Rumsfeld OK'd techniques, general says
Two Marines pleaded guilty to giving electric shocks to an Iraqi prisoner.
COMBINED DISPATCHES
WASHINGTON -- Defense Secretary Donald Rumsfeld personally approved four special interrogation techniques used on two Al-Qaida operatives held at Guantanamo Bay, Cuba, who then talked about the terrorist network and its plans, the commander of U.S. forces in Latin America said Thursday.
Army Gen. James Hill, who heads the U.S. Southern Command, declined to describe the techniques. He said other detainees might "figure out a way to resist those techniques" if they were disclosed.
But Hill specifically denied that police dogs have been used to intimidate detainees during interrogations at Guantanamo, contrary to a sworn statement by an Army intelligence officer under investigation in the Abu Ghraib prison scandal in Iraq.
In the statement, as reported May 26 by The Washington Post, Col. Thomas Pappas, commander at Abu Ghraib when abuses of detainees occurred, said the use of dogs was urged by Maj. Gen. Geoffrey Miller in a 2003 visit to Iraq.
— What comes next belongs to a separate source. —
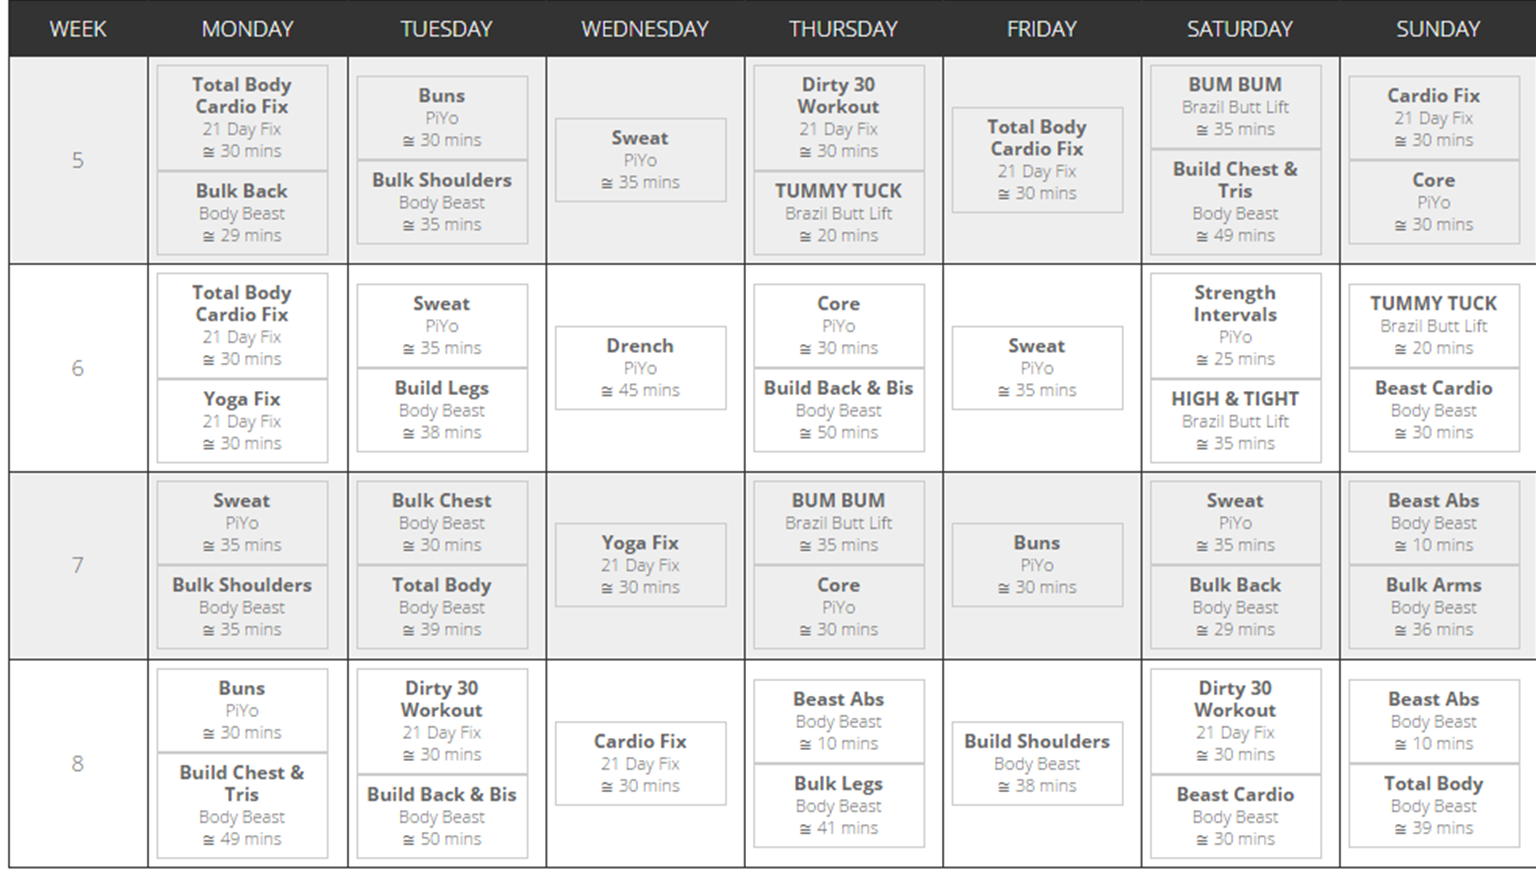 21 Day Fix Beachbody Calendar For More Customized

Miller, who was then the commandant at Guantanamo Bay and has since been put in charge of Abu Ghraib, has denied the allegation through a spokesman.
Shocks
Meanwhile, months after the Abu Ghraib prison abuse, two 19-year-old Marines pleaded guilty to giving electric shocks to an Iraqi prisoner at another detention facility, military officials said.
A lawyer for one of the men's family said the Marines condoned the abuse at the Al Mahmudiya prison -- and only lodged charges after the larger scandal at Abu Ghraib was exposed.
Pfc. Andrew J. Sting of Bradner, Ohio, and Pfc. Jeremiah J. Trefny entered their pleas at a May 14 court-martial in Iraq, according to a statement by the 1st Marine Expeditionary Force in Iraq. It was released Thursday.
Sting and Trefny were infantrymen with 2nd Battalion, 2nd Marine Regiment, stationed at Camp Lejeune, N.C., and attached to the 1st Marine Division based at Pendleton.
Sting's father, Jeff Sting, said in a telephone interview Thursday his son was following orders, and that he would try to get the conviction thrown out.
According to the military statement, the pair and two other Marines in early April wanted to discipline the detainee for throwing trash outside his cell and speaking loudly in the temporary holding facility south of Baghdad.
The Marines attached wires to a power convertor, which delivered 110 volts of electricity to the detainee as he returned from the bathroom, the statement said.
Sting pleaded guilty to charges of assault, cruelty and maltreatment, dereliction of duty and conspiracy to assault. He was sentenced to a year in prison, a reduction of rank, forfeiture of pay and a bad-conduct discharge.
The family's lawyer, Thomas Sobecki, said the Marines initially gave Sting a reprimand, but charged him after the Abu Ghraib prison abuse scandal unfolded. He said there was no investigation and a quick plea bargain.